Корней Чуковский - страница 491
Очевидно, пока рукопись лежала в «Советском писателе», кто-то скопировал ее, копии разошлись по рукам и попали за границу.
Корней Иванович был сильно встревожен возможными последствиями этого события: «Доктор Живаго» в политическом смысле был куда менее взрывоопасен, чем «Софья Петровна», а скандал последовал за его публикацией на Западе – чудовищный. "Дед, мне говорили, что ты огорчаешься, – писала дочь отцу в ноябре. – Пожалуйста, не огорчайся, ибо – нечем. Все пустяки, и все будет отлично".
Дело, впрочем, оказалось отнюдь не пустячное. Лидия Корнеевна открыто выступила против системы – и система начала войну против нее. Из уважаемого советского писателя, только что выпустившего книгу о «Былом и думах» Герцена, она превратилась в диссидента, головную боль режима. У этого режима была своя тактика борьбы с неприятными словами: он делал вид, что их не слышал. Сталина не было. Репрессий не было. Не было и тех, кто о них говорил. Лидии Корнеевны тоже как бы не стало: ее имя вычеркнули потом даже из сборника воспоминаний о Корнее Ивановиче: не было у Чуковского такой дочери. Неугодных не печатали, не упоминали, обрекая на забвение и тишину. Мягкая расправа по-брежневски: удушение подушкой, тихо и эффективно.
Ту же казнь применили и к Юлиану Оксману: его перестали печатать, он ждал, что со дня на день ему запретят преподавать. В архиве Чуковского сохранилось письмо в защиту Оксмана (куда, кому было адресовано письмо и какие имело последствия – неизвестно): «Вместо того, чтобы патриотически гордиться тем, что в нашей стране есть такой ученый, нам предлагают считать это имя постыдным и скрывать его от советских читателей». Разве вы не знаете, убеждал своего адресата Чуковский, что замалчивание всегда приводит не к меньшей, а к большей популярности? «Вычеркнуть такого крупного ученого из истории советской науки невозможно». И из каждой строчки письма снова сквозит: стыдно за вас.
Из других событий этого года стоит назвать, пожалуй, отказ Твардовского печатать в «Новом мире» «Раковый корпус». Начало публикации «Мастера и Маргариты» в журнале «Москва». Приезд Галича в Переделкино. Воспоминания о том, как Галич пел, а Чуковский слушал, оставили Лев Копелев и Раиса Орлова в своей книге «Мы жили в Москве»:
"Переделкино. Дом творчества. У нас в комнате поет Александр Галич. Внезапно входит Корней Иванович. Мы испугались. Ведь песни Галича – их язык, стиль, страсти прямо противоположны всему, что он любит. Но слушал он благодарно, увлеченно. Галич пел «Аве Мария», «Караганда» – тогда только сочиненные. Корней Иванович стал заказывать. Оказалось, что раньше он уже слышал пленки. Весело повторял:
И пригласил Галича петь у него в доме. Концерт состоялся через несколько дней.

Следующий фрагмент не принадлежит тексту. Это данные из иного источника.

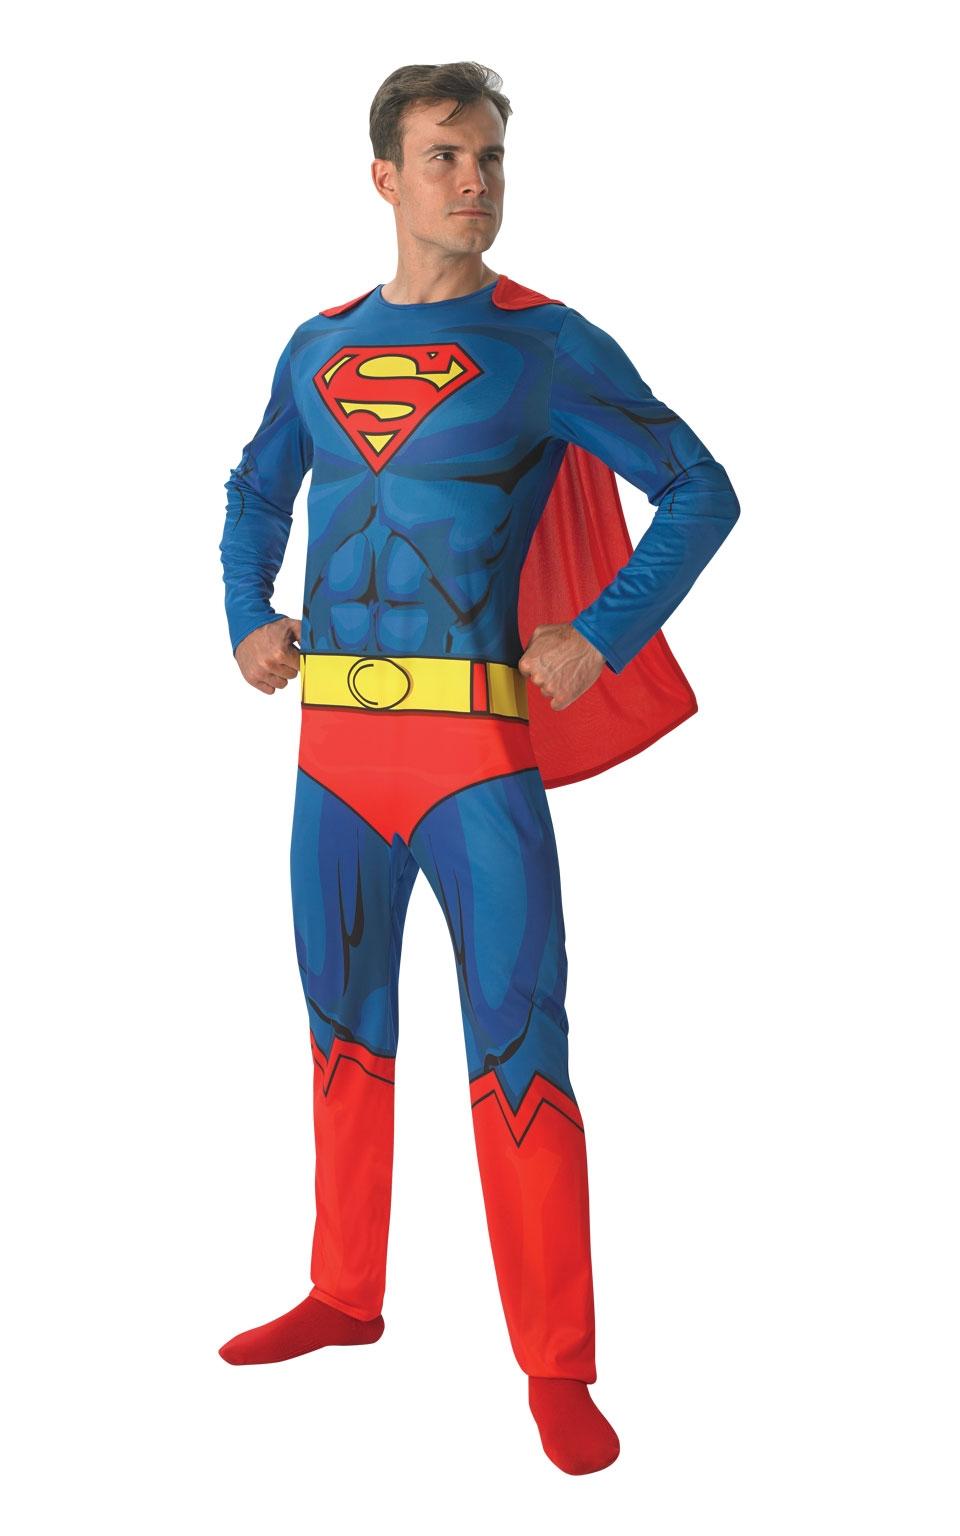 Костюм Супермена Comic book (48-50) -  Супергерои и комиксы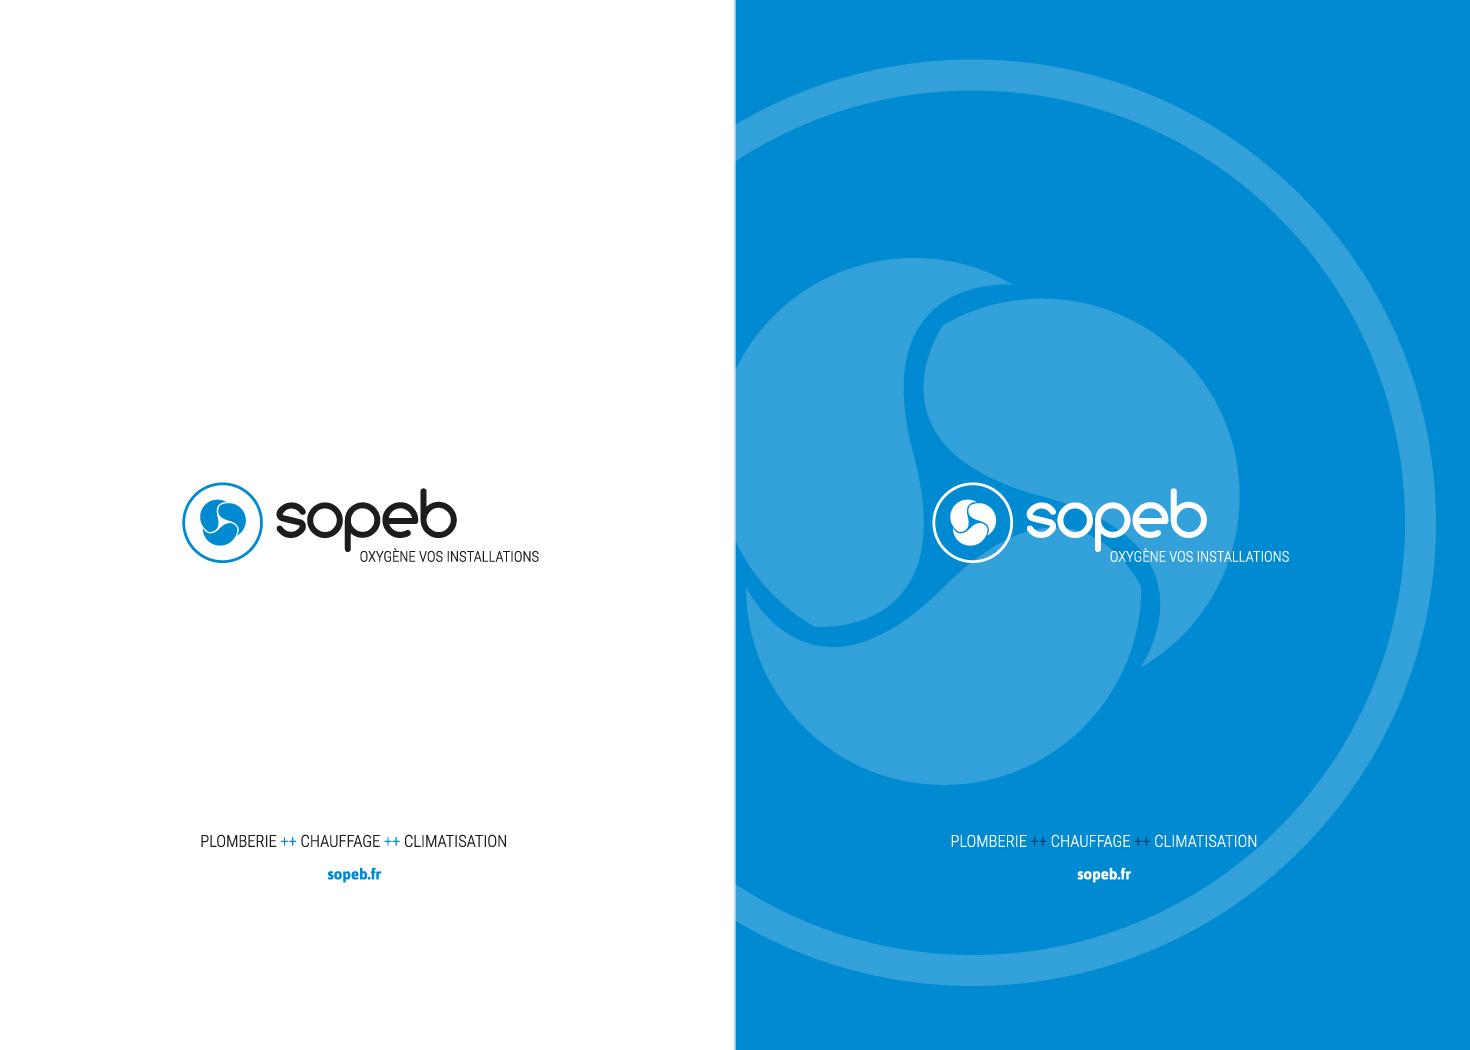 sopeb-com1

<…> Удивительно: ведь у Галича современный, сверхсовременный язык. Сиюминутный. Чуковский живет на земле девятый десяток лет. Как за это время изменились слова, лексика, интонация. Казалось бы, все это должно быть чужим. Отчасти и раздражающим. И реалии неведомые: можно поручиться, что К. И. и не видел никогда, как «соображают на троих»…
Но он воспринимает каждое слово, выделяет то, единственное, избранное из сотен тысяч, найденное. Он схватывает полифонию галичевских песен, оттенки значений сразу, мгновенно.
И еще – для К. И. слово Галича вкусно. Он его смакует, пробует на зуб, воспринимает чувственно, не только головой, душой, сердцем, даже пальцами. Своими удивительными, длинными пальцами как бы ощупывает, проводит по буграм, по извилинам, по всем многозначьям слова… Вскакивает. Вскрикивает. Смеется. Темнеет.
Чуковский подарил Галичу свою книгу и надписал: «Ты, Моцарт, Бог, и сам того не знаешь…»
Вскоре после этого тот под хмельком пришел к Чуковскому просить коньячку – и был попросту выставлен.
– Не смейте приходить ко мне пьяным".
Опиум для народа
В шестидесятых Чуковский весной и осенью ложился в больницу или отдыхал в санатории. Обычный его образ жизни и круг общения резко отличались от больничного и санаторского – и всякий раз он испытывал культурный шок от общения с народом и его вельможными слугами.